### EXERCISE
Using the records below, give again exactly the lines from the line that contains "Vecteur magique symbole" through the line that contains "Luftaufnahme auf die", both ends included, and only those.

++++ DATA FOR THE TASK

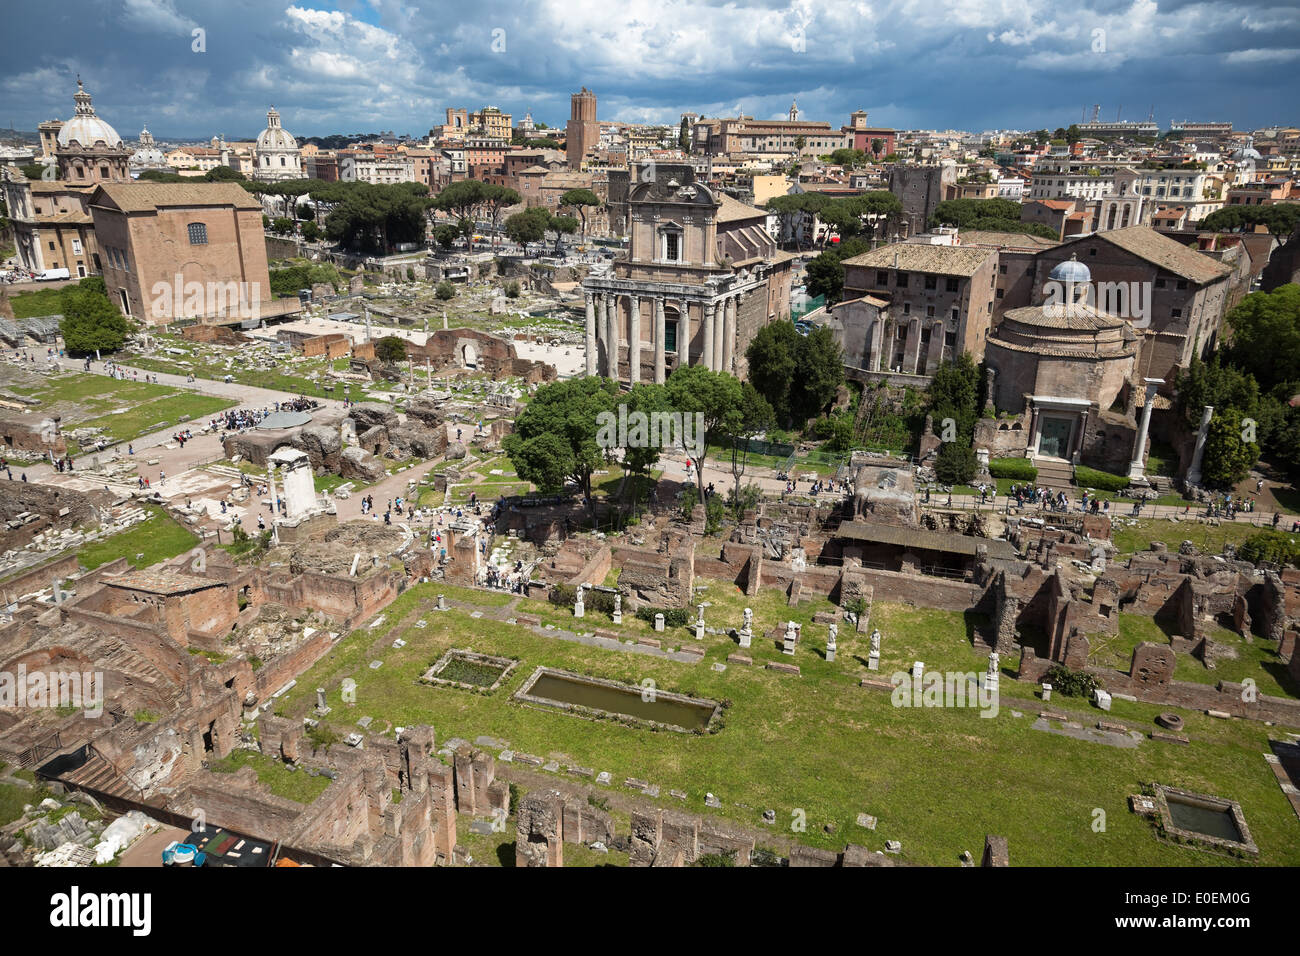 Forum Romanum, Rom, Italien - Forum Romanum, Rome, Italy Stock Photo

++++++++
++++ DATA FOR THE TASK

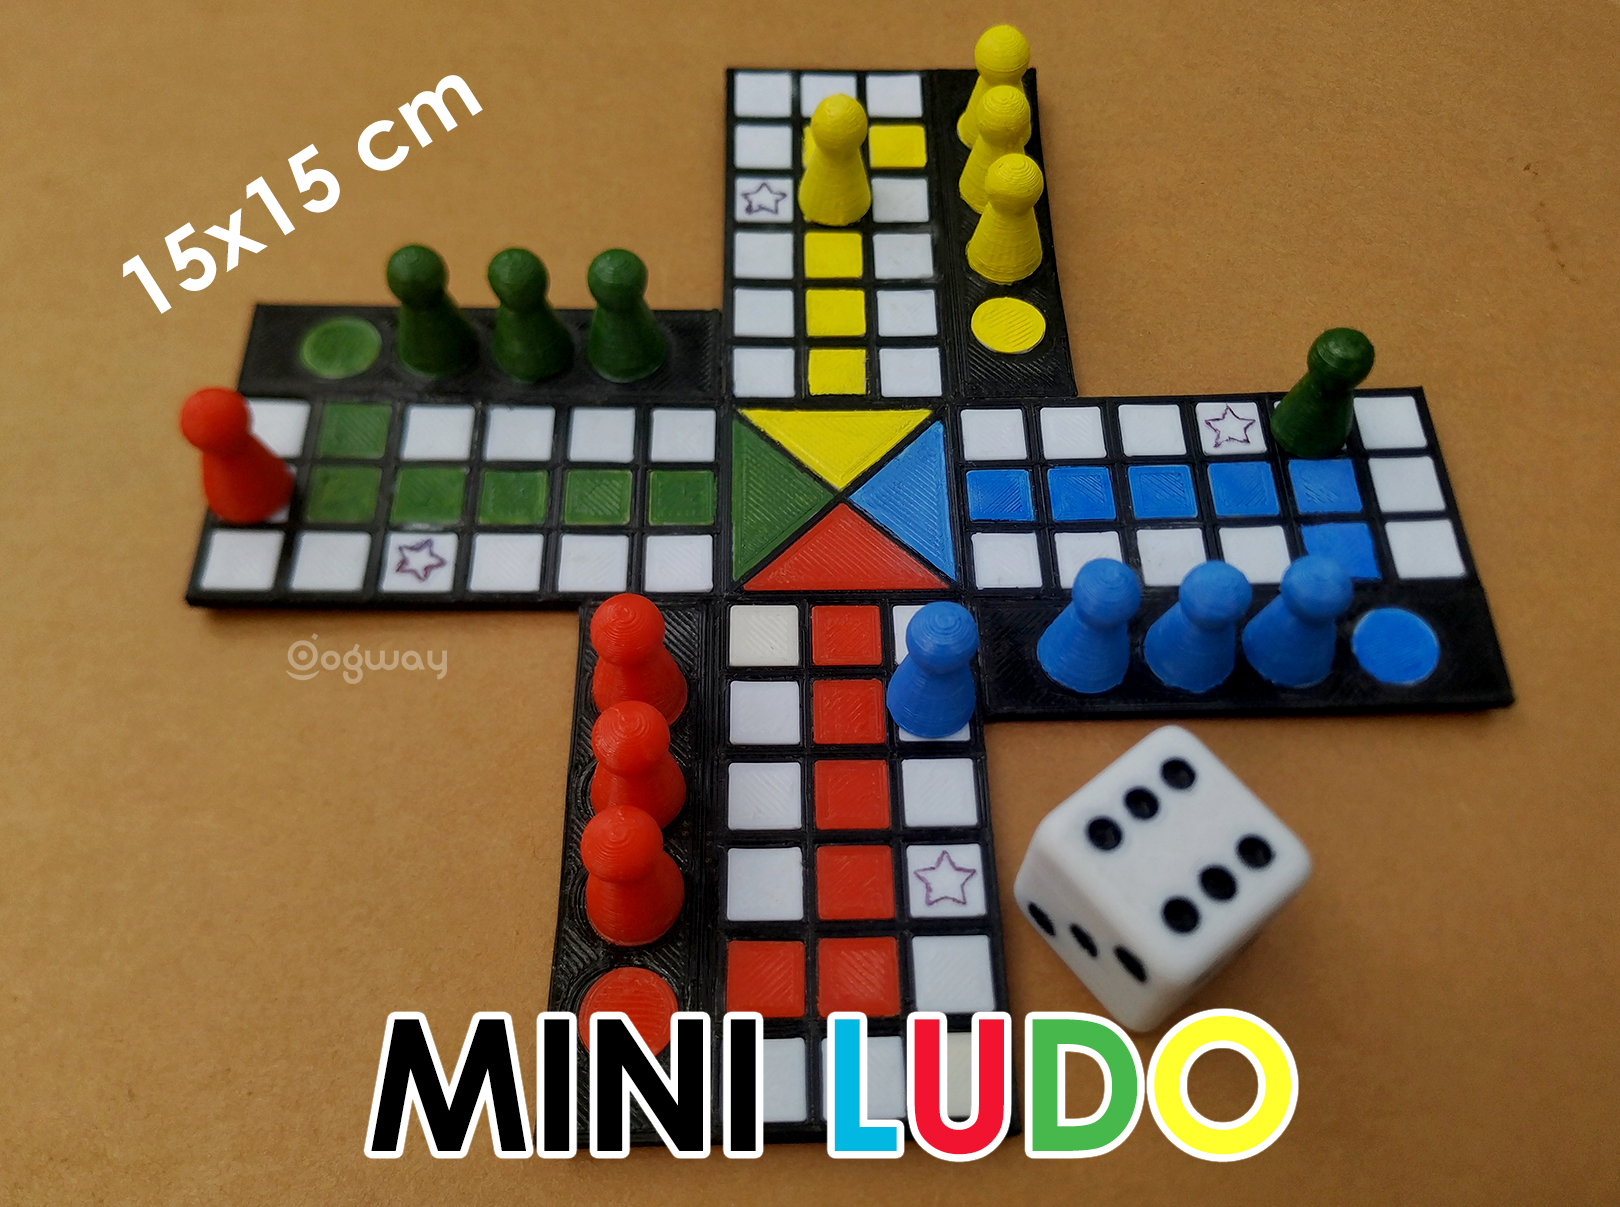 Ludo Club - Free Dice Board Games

++++++++
++++ DATA FOR THE TASK

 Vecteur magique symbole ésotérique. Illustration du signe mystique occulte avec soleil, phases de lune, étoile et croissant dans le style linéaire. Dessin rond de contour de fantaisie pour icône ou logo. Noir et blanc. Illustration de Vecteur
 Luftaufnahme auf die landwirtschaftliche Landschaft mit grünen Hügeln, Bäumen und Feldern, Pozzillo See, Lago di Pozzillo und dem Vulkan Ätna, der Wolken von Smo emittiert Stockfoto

++++++++

### RESULT OF THE EXERCISE
 Vecteur magique symbole ésotérique. Illustration du signe mystique occulte avec soleil, phases de lune, étoile et croissant dans le style linéaire. Dessin rond de contour de fantaisie pour icône ou logo. Noir et blanc. Illustration de Vecteur
 Luftaufnahme auf die landwirtschaftliche Landschaft mit grünen Hügeln, Bäumen und Feldern, Pozzillo See, Lago di Pozzillo und dem Vulkan Ätna, der Wolken von Smo emittiert Stockfoto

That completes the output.